The absence of this feeling is the exception. There it is. Assyria, Egypt,
Greece, Rome, Hindustan, China, Mexico, and the darkest heathen tribes, as a
general rule, are agreed on this point—however strange and diverse their
ideas of God, and religion, and the soul. Will anyone tell me—that we do not
know this?
(c) We find, moreover, that the only thing which has ever
enabled men and women to look forward to the future without fear, and has
given them peace in life, and hope in death, is that religion which Jesus
Christ brought
into the world nearly nineteen hundred years ago,
and of which Christ Himself is the sun, and center, and root, and
foundation. Christ, I say emphatically—Christ and His Divinity— Christ and
His atoning death— Christ and His resurrection— Christ and His life in
heaven. Yes! that very religion of Christ, which some tell us they cannot
receive because of the mysteries and difficulties of its creed, has made the
deepest moral mark on mankind that has been made since man was created.

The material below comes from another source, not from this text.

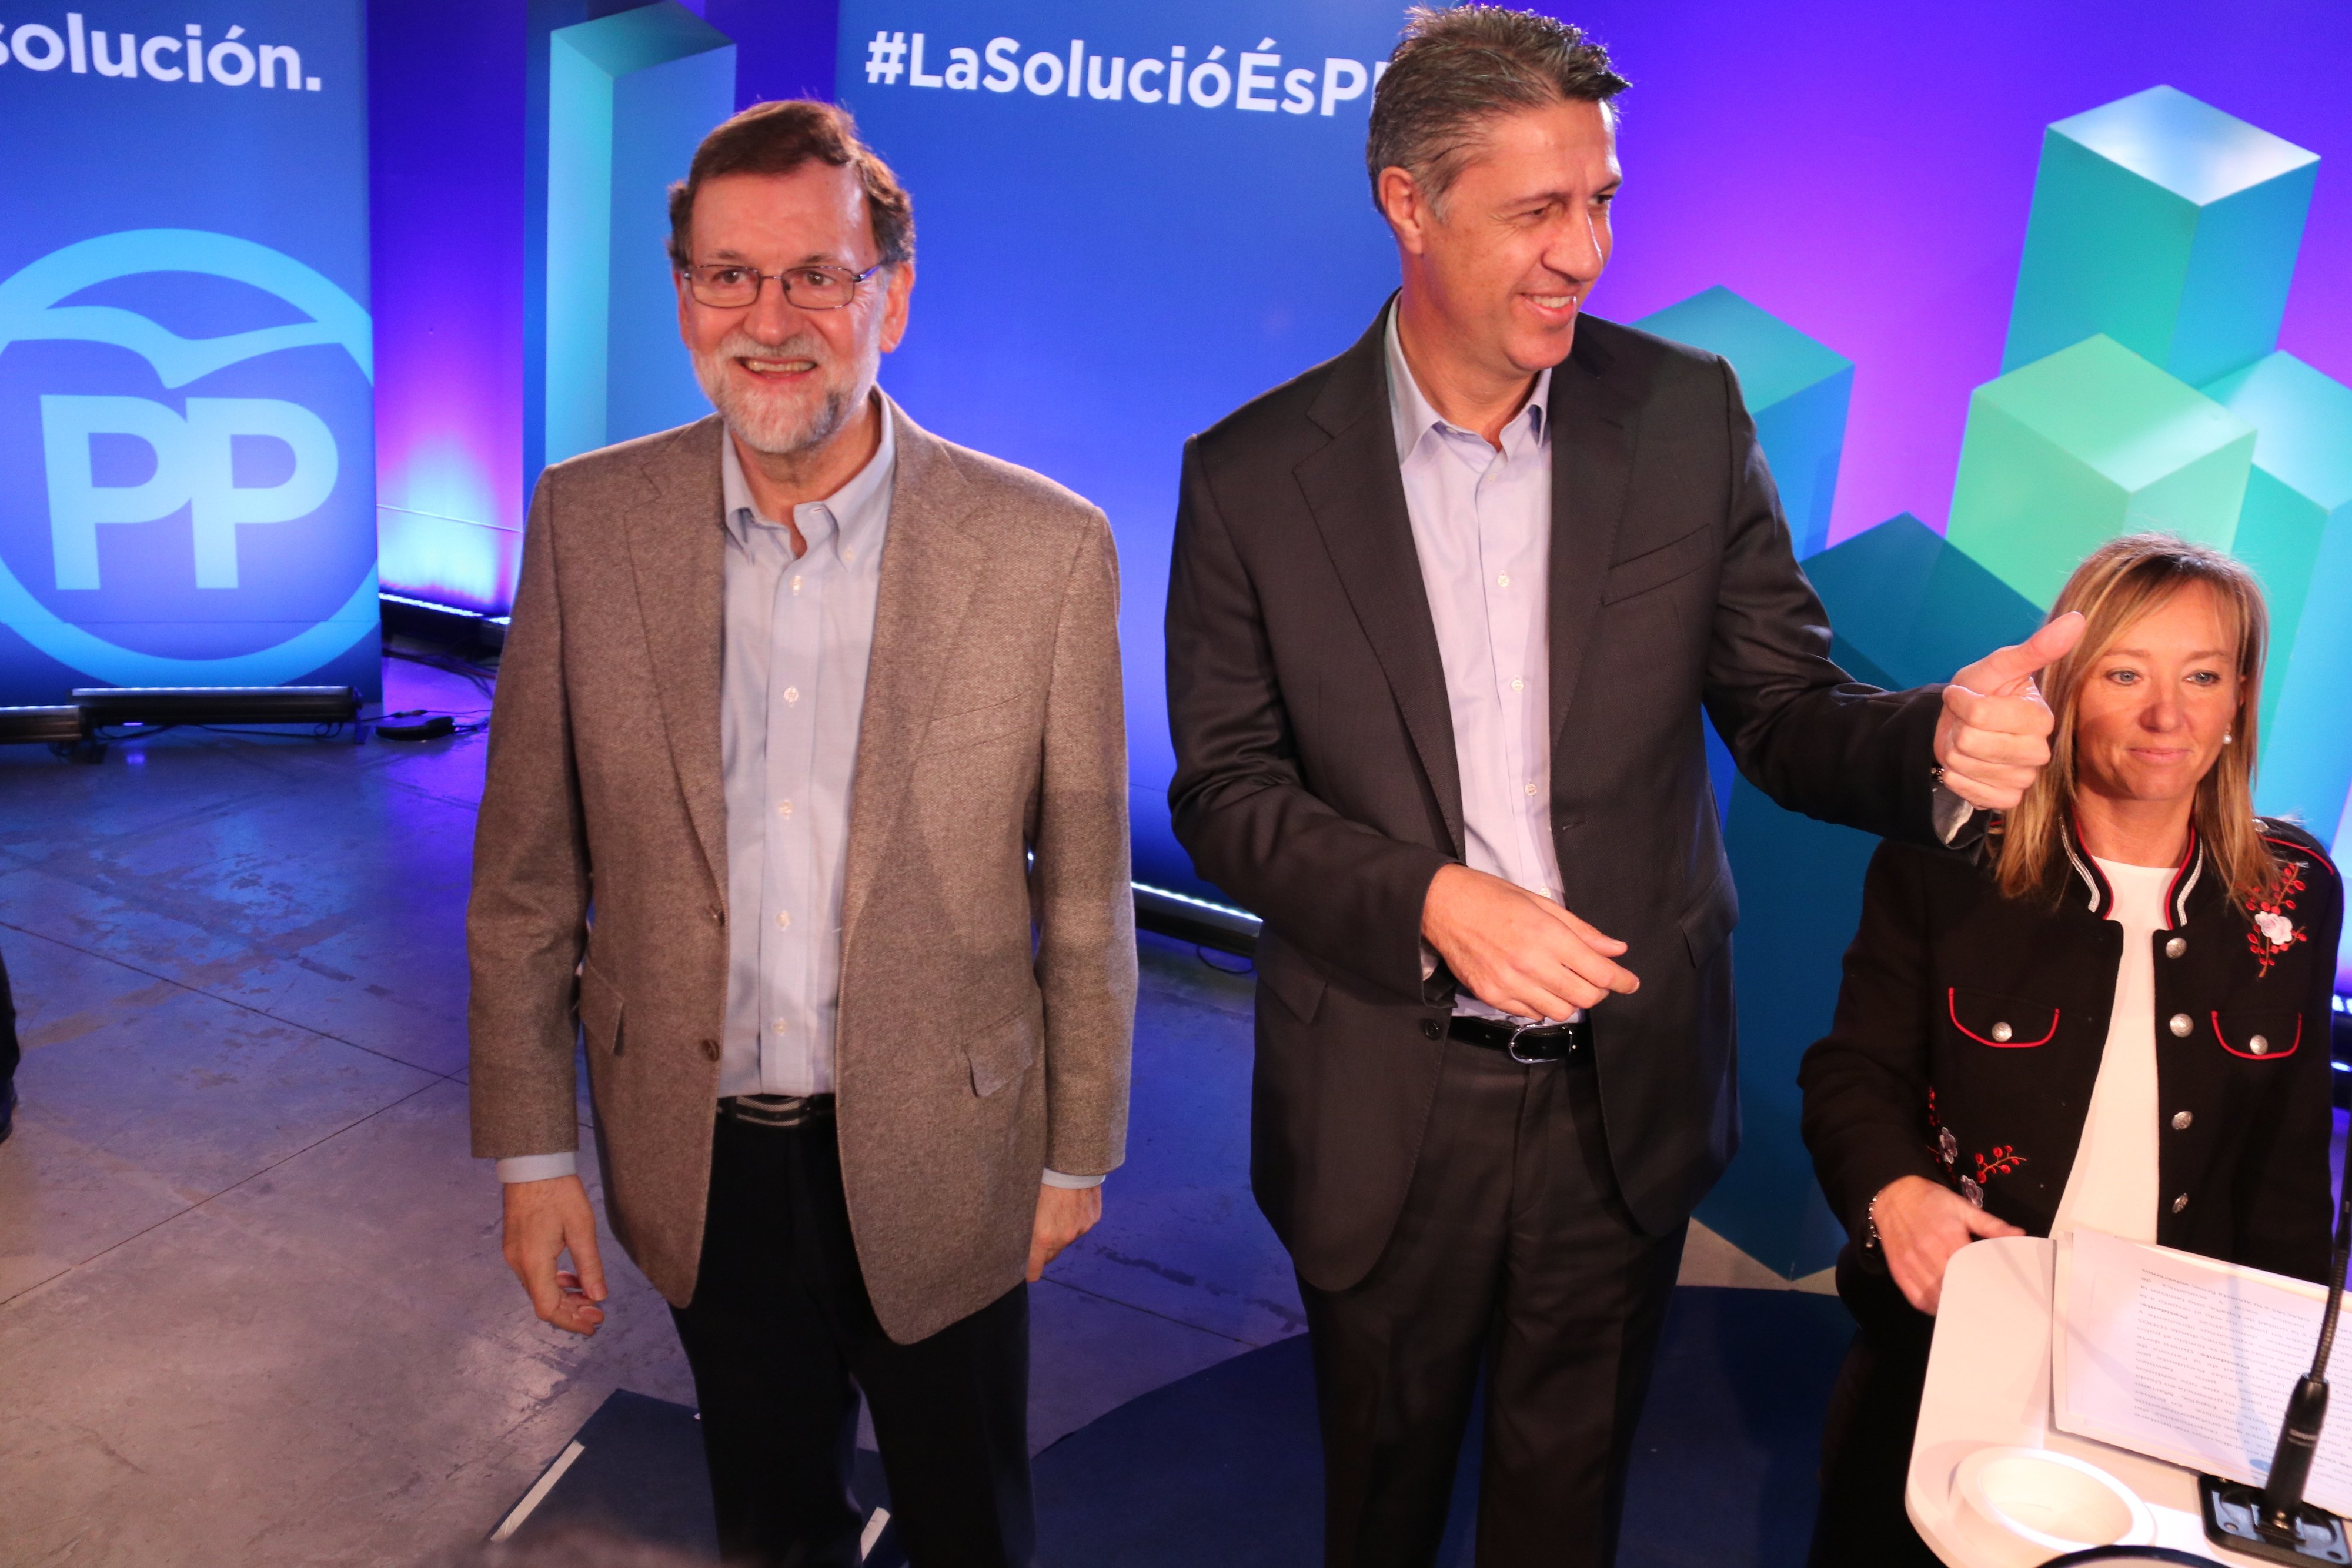 Rajoy: “El procés fa molt mal a les persones i la seva essència”

Nothing called religion, whether Classic heathenism, or Buddhism, or
Confucianism, or Mohammadanism, has ever produced effects on consciences and
conduct, which can bear comparison for a moment with the effects produced by
Christianity! The changes which have taken place in the state of the world
before Christ—and the world after Christ—and the difference at this day
between those parts of the globe where the Bible is read, and those where it
is not known, are great apparent facts which have never been explained away.

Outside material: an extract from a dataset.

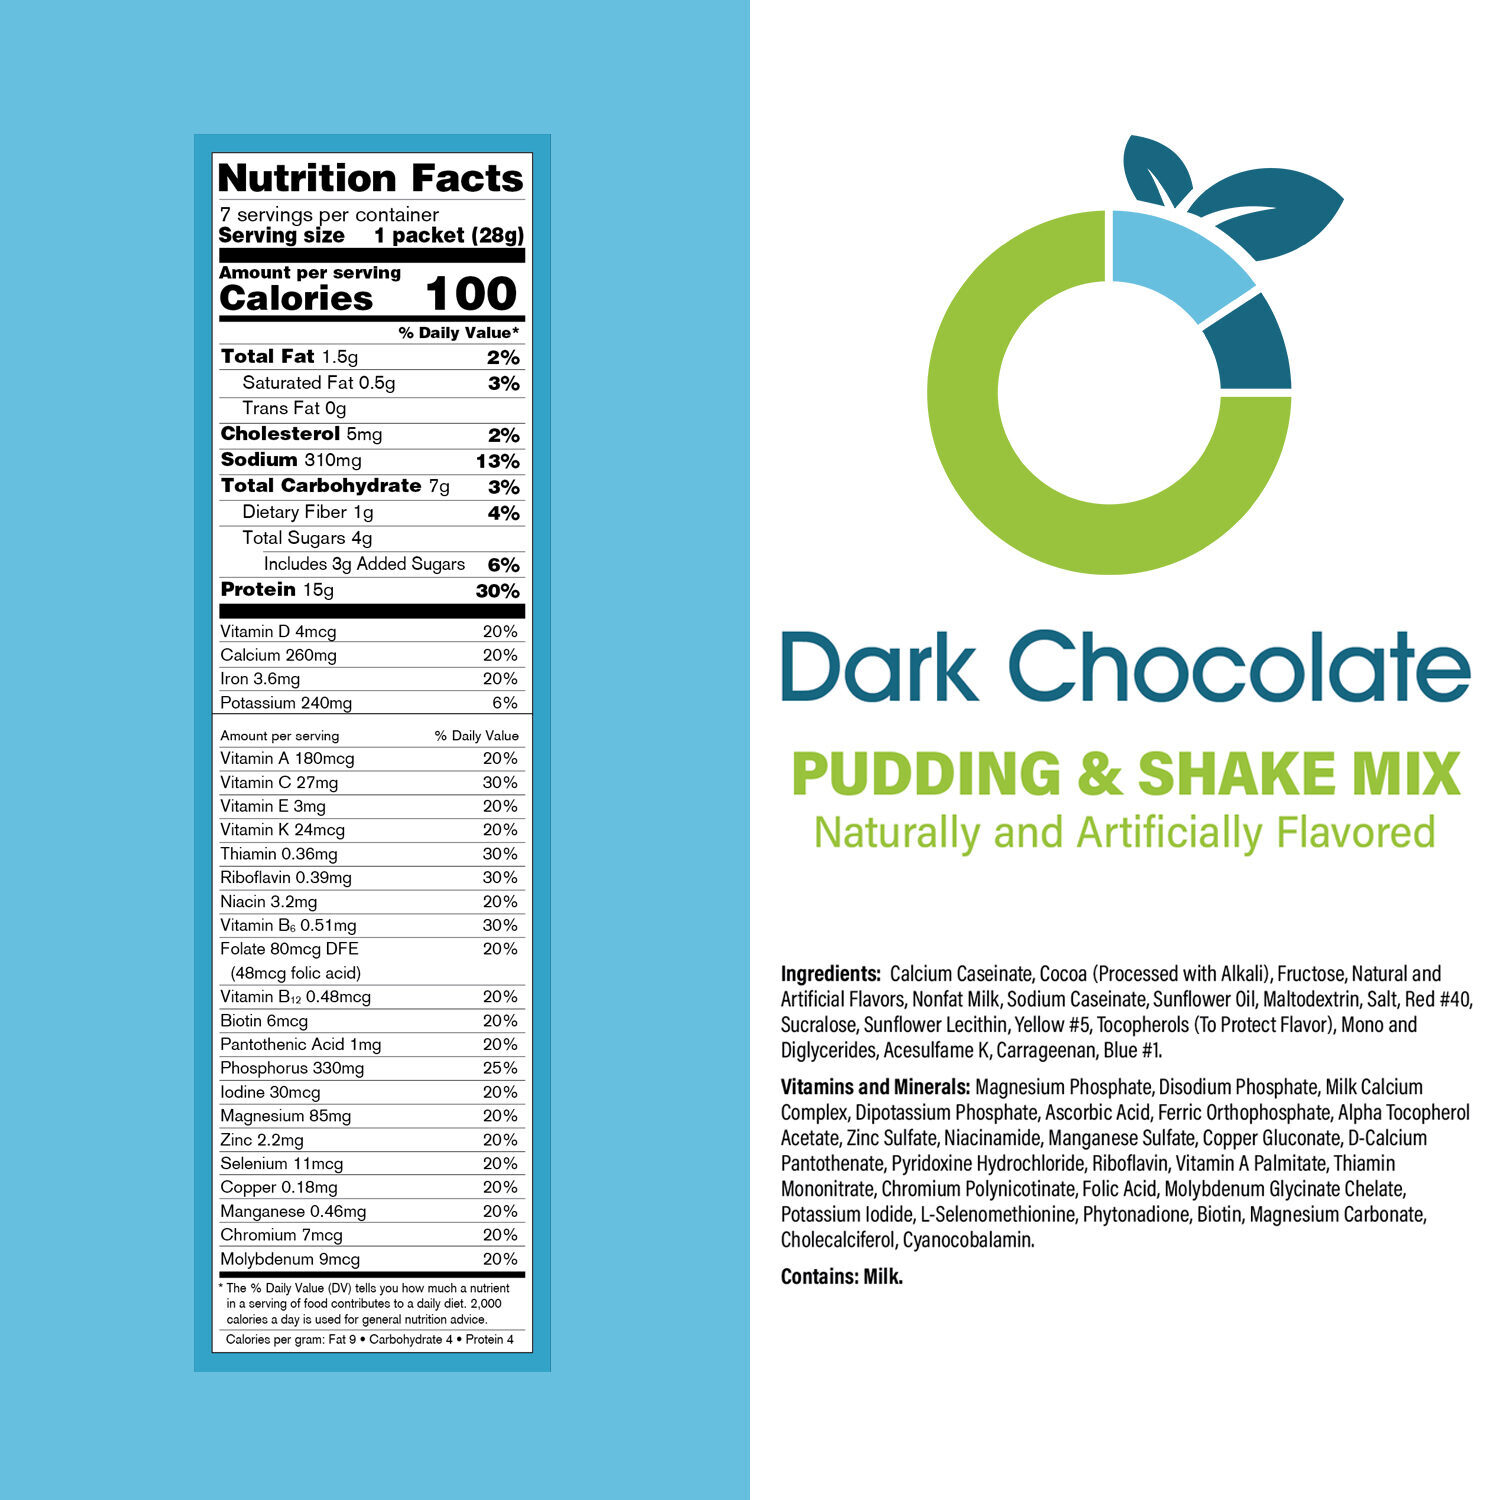 Dark-Chocolate-Pudding-Shake-Mix-Panel_05dc05dc0_78769

The holiest lives and the happiest deaths which have been seen on the earth
for eighteen centuries have been the result of the supernatural theology of
the Bible, of faith in and of obedience to Christ, and the story of the
cross! I challenge any one to deny this.
(d) We find, above all, that the Historic Founder of
Christianity, Jesus Christ Himself, is a great fact which has been before
the world for eighteen centuries, and has completely baffled all the efforts
of infidels and non-Christians to explain it away.
No skeptical
writer has ever given a satisfactory answer to the question "Who was Christ?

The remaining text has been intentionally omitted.